Nothing but the lines below between the line holding "Excursion boat, lake, passenger" and the line holding "FRANCE 1976 - Canceled", inclusive, should appear in the answer, each set down exactly.

Extracted entries:
=== Section Start ===

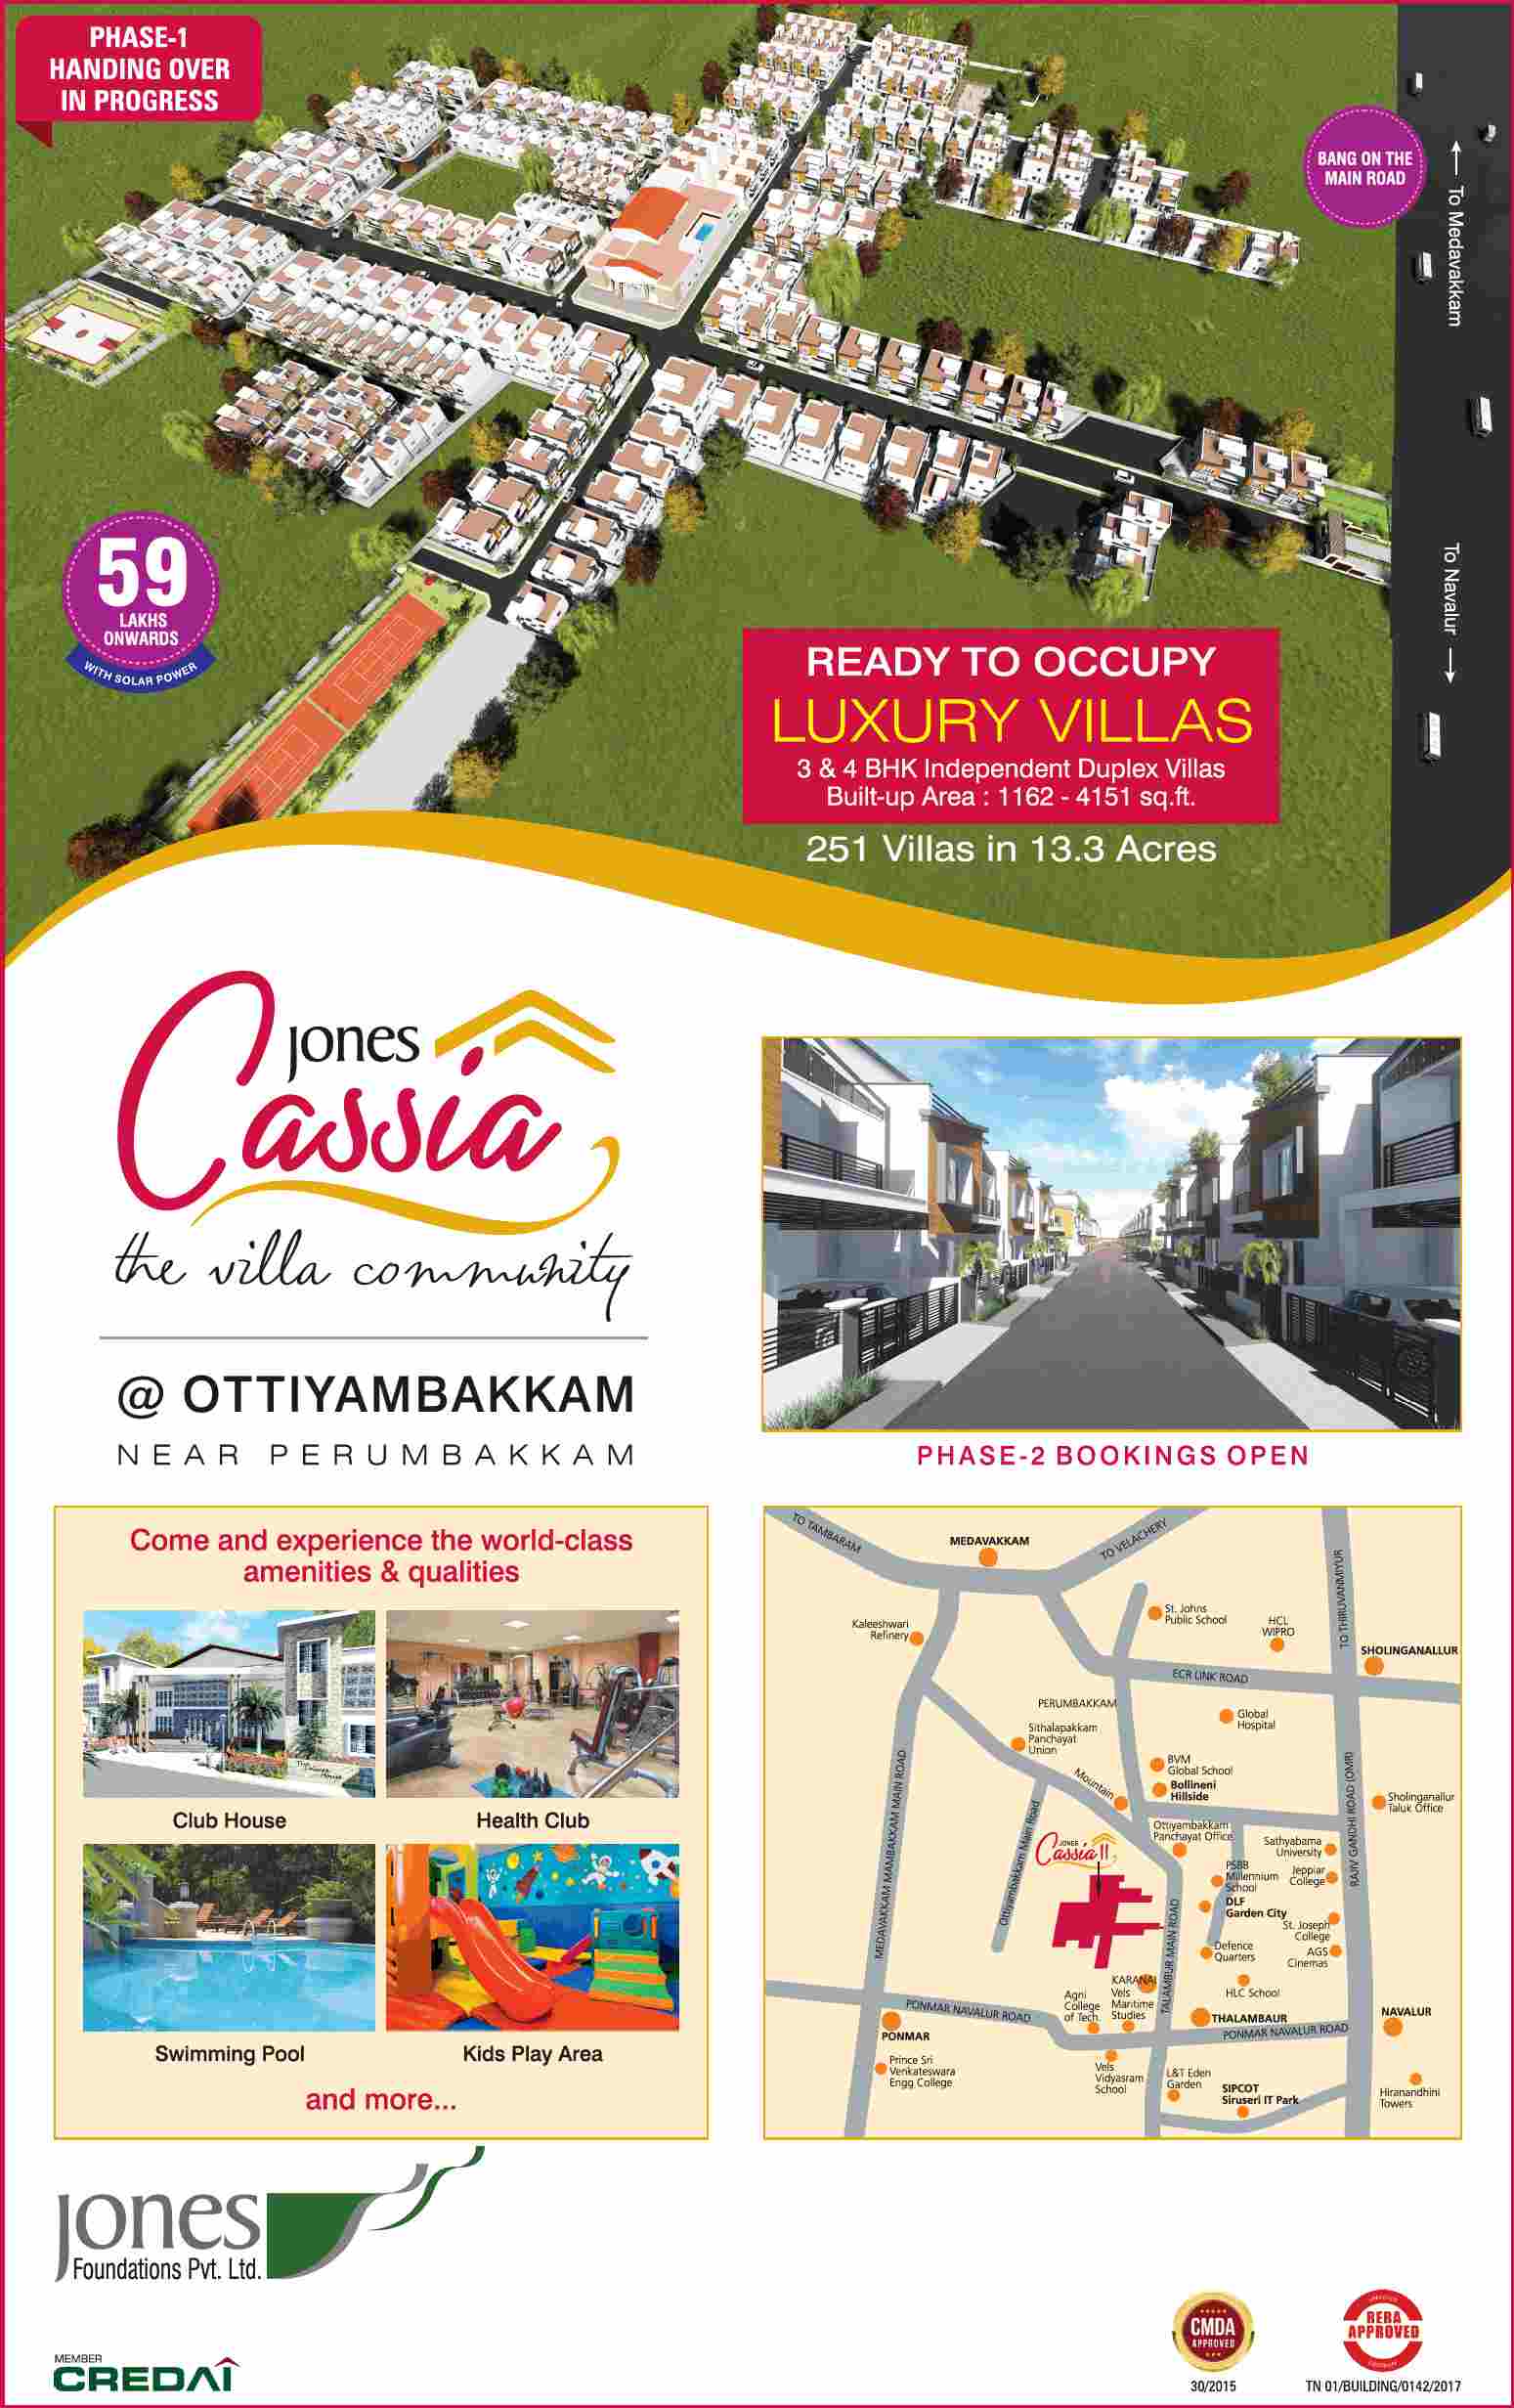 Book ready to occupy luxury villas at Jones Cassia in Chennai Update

=== Section End ===
=== Section Start ===

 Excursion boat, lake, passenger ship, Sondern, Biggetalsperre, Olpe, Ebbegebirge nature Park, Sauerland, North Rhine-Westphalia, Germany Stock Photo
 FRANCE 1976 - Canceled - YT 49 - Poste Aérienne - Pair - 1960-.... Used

=== Section End ===

Written answer:
 Excursion boat, lake, passenger ship, Sondern, Biggetalsperre, Olpe, Ebbegebirge nature Park, Sauerland, North Rhine-Westphalia, Germany Stock Photo
 FRANCE 1976 - Canceled - YT 49 - Poste Aérienne - Pair - 1960-.... Used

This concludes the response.